Our historical excursion enables us also to explain the reason why in the present phrase of Russian social life the Jewish problem has again arisen in an unprecedented form. It was simply a new political weapon, in a sense, the result of the new form of political life. As long as the nation was voiceless, as long as all matters were decided by the bureaucracy in the quiet of offices, committees, and ministries, it was possible for the Government to ignore the people as a factor in legislation, and to take into account nothing but the needs and the welfare of the state as it understood them. But when the nation was called to participate in state affairs, there arose the need of influencing it in a certain sense.
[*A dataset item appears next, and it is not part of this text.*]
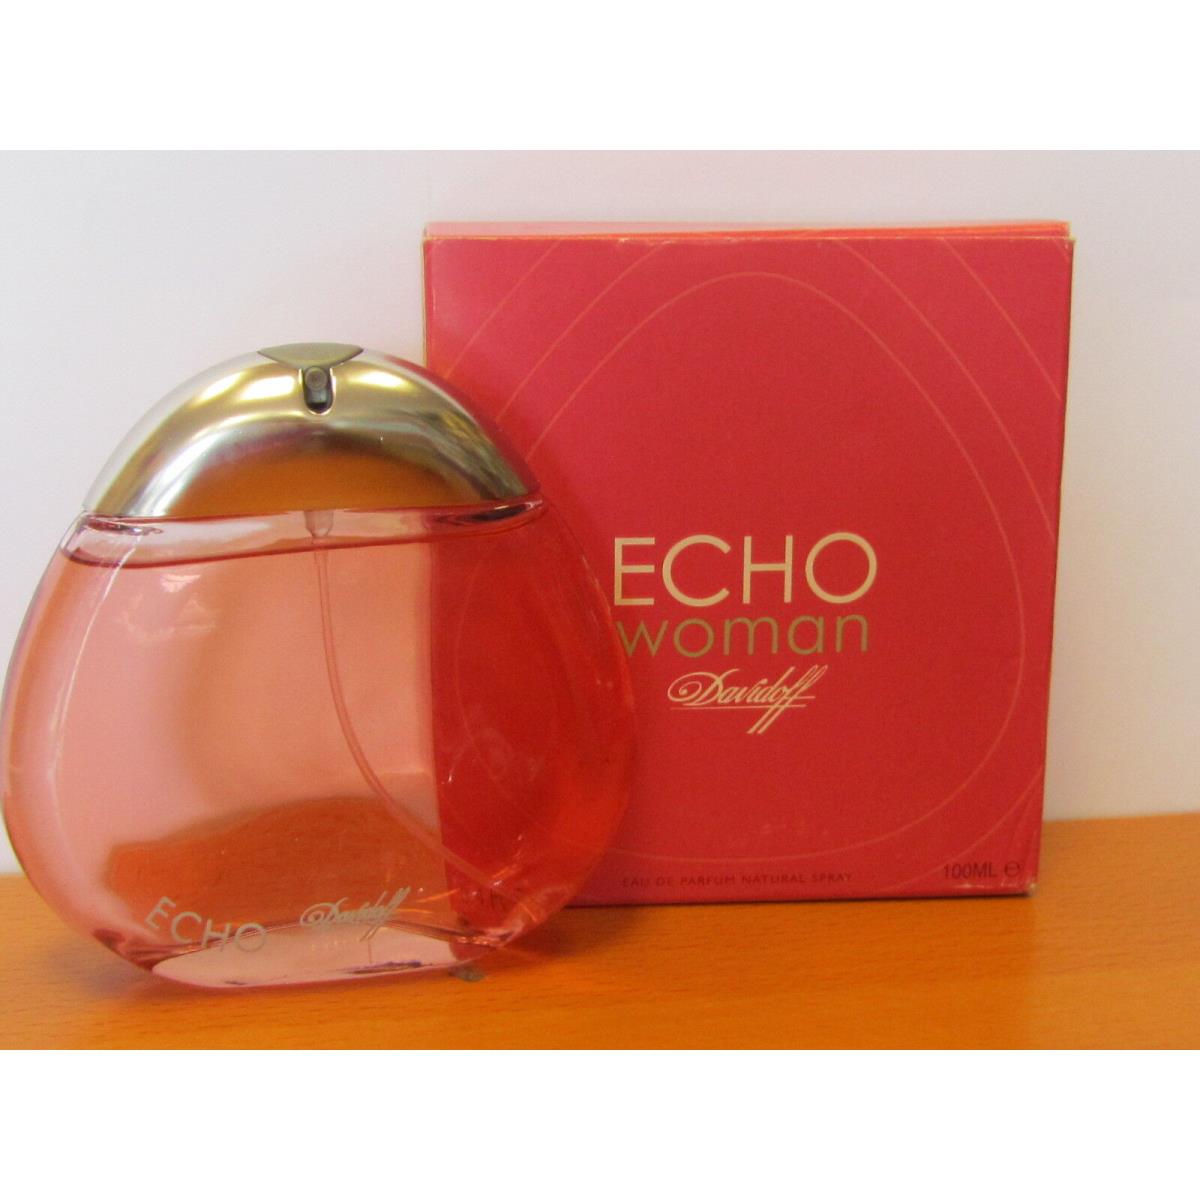 Echo By Davidoff Perfume Women 3.4oz/100 ml Eau De Parfum Spray Sealed

It became necessary to work up the masses, to act on their intellect and will. Official anti-Semitism is the most primitive means of satisfying this need, a simplified attempt to bridle the masses, to suggest to them the feelings, motives, views and methods which are in the interest of those who play the game. In other words, demagogy came into being. For the purposes of demagogy a special political weapon, corresponding to the political conditions under the new régime, was created,—namely artificial political parties.
Thus, anti-Semitism of the new type, however strange this conclusion may appear, is the product of the constitutional epoch. It is a response to the need for new means of influencing the masses. And in this sense anti-Semitism plays in Russia the same role as it played in Western Europe.
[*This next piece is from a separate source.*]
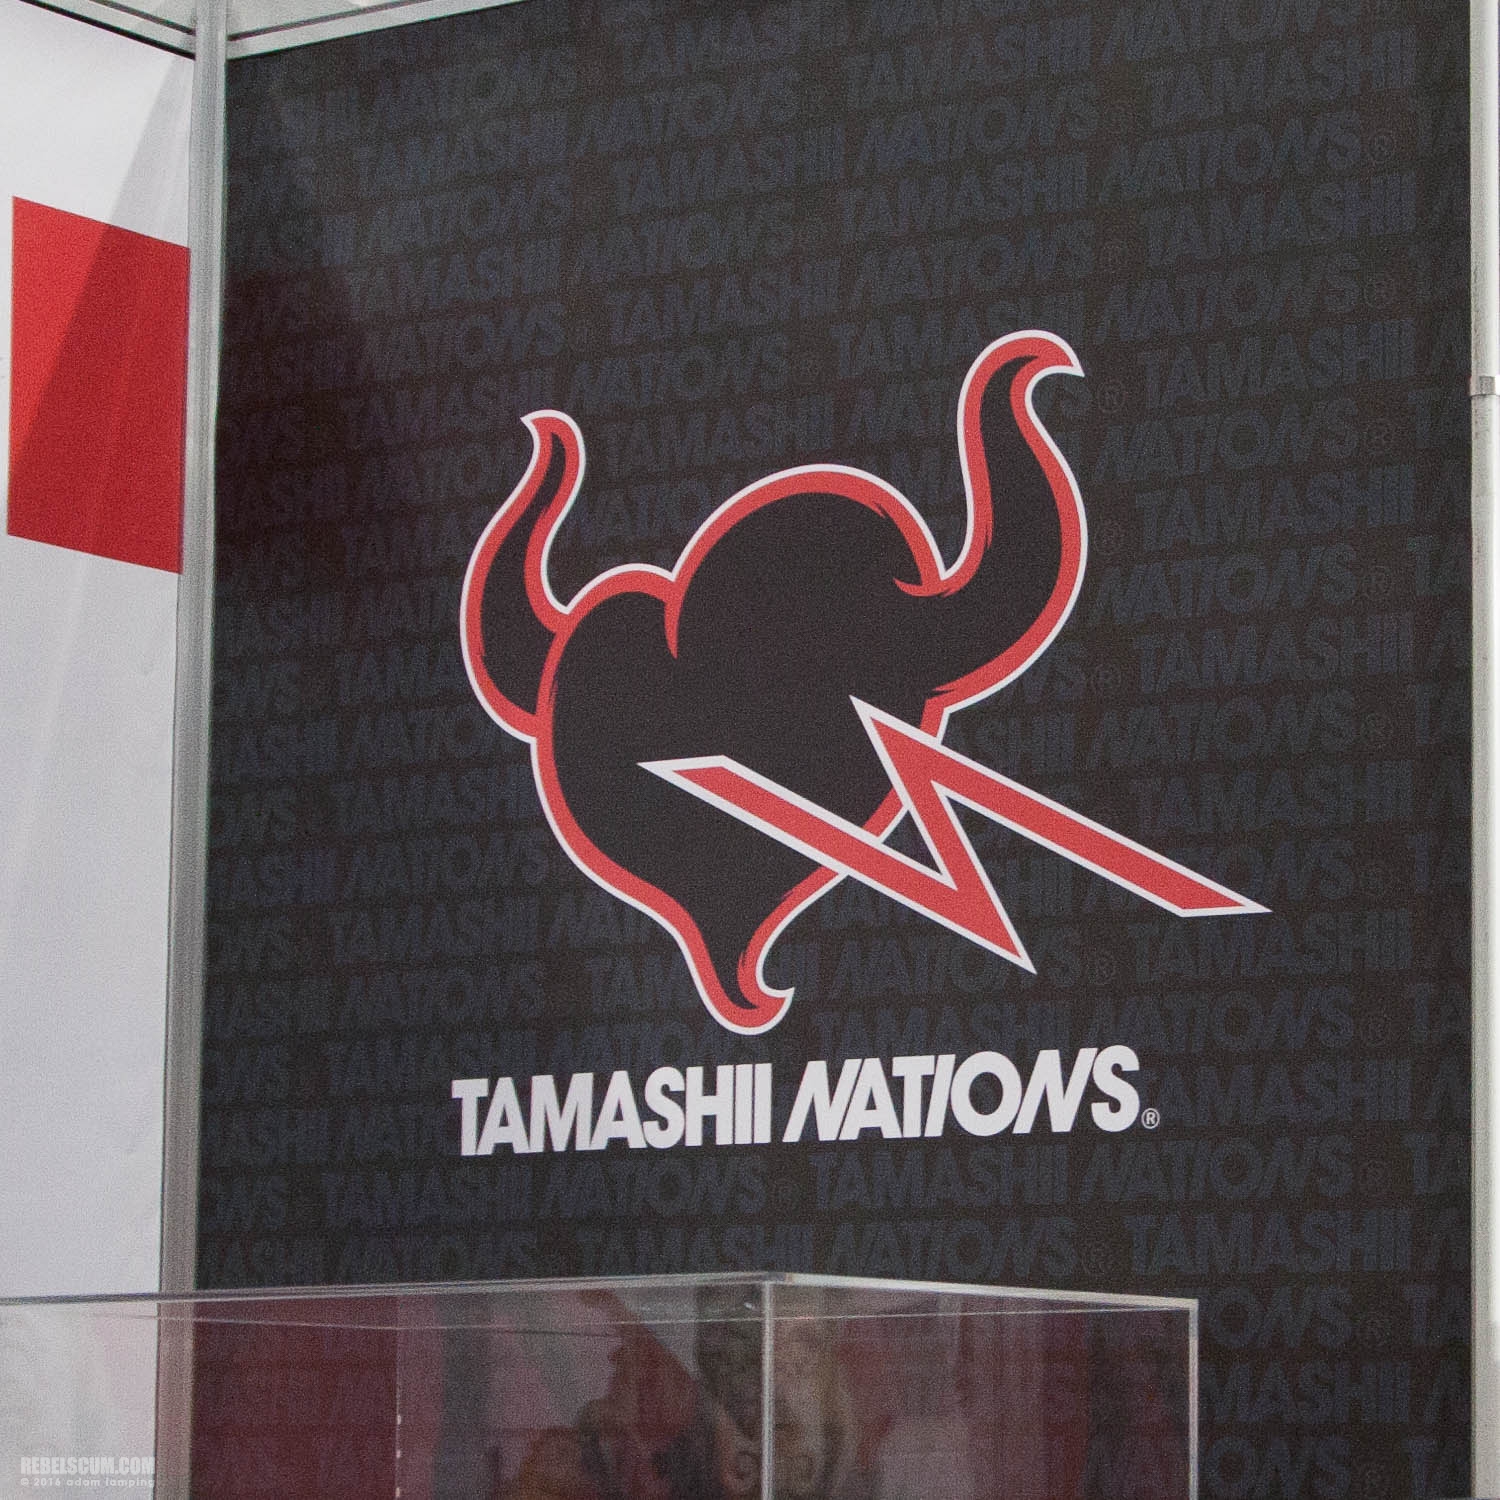 star-wars-celebration-tamashii-nations-booth-001.jpg

Bismarck, it will be remembered, called anti-Semitism the socialism of fools. In order to combat the socialism of intelligent people, it is necessary to take hold of the ignorant masses and to mislead them by showing them the imaginary enemy of their welfare instead of the real one. Anti-Semitism says to the ignorant masses: "There is your enemy, fight the Jews, and you will improve your life conditions. . . ." It is well known that such attempts to apply anti-Semitism for the purpose of creating social parties of the new type were more than once made in the West. As an example, I shall cite the Christian Social Party in Austria, with its late leader, Lueger.
There is one small difference between us and the West. In Russia the masses are not so well prepared to appreciate a social argument, even when served in a simplified form. In Russia anti-Semitism is forced to present this argument in an even more popular form, making an appeal to the most elementary passions and instincts. F. I. Rodichev once remarked in the Duma, parodying Bismarck's aphorism to fit it to our conditions, that anti-Semitism is "the patriotism of perplexed people." In fact, anti-Semitism in Russia is a means of creating a nationalism of a definite type in the masses, it is with this aim in view that our anti-Semites play on the racial and religious animosities of the masses.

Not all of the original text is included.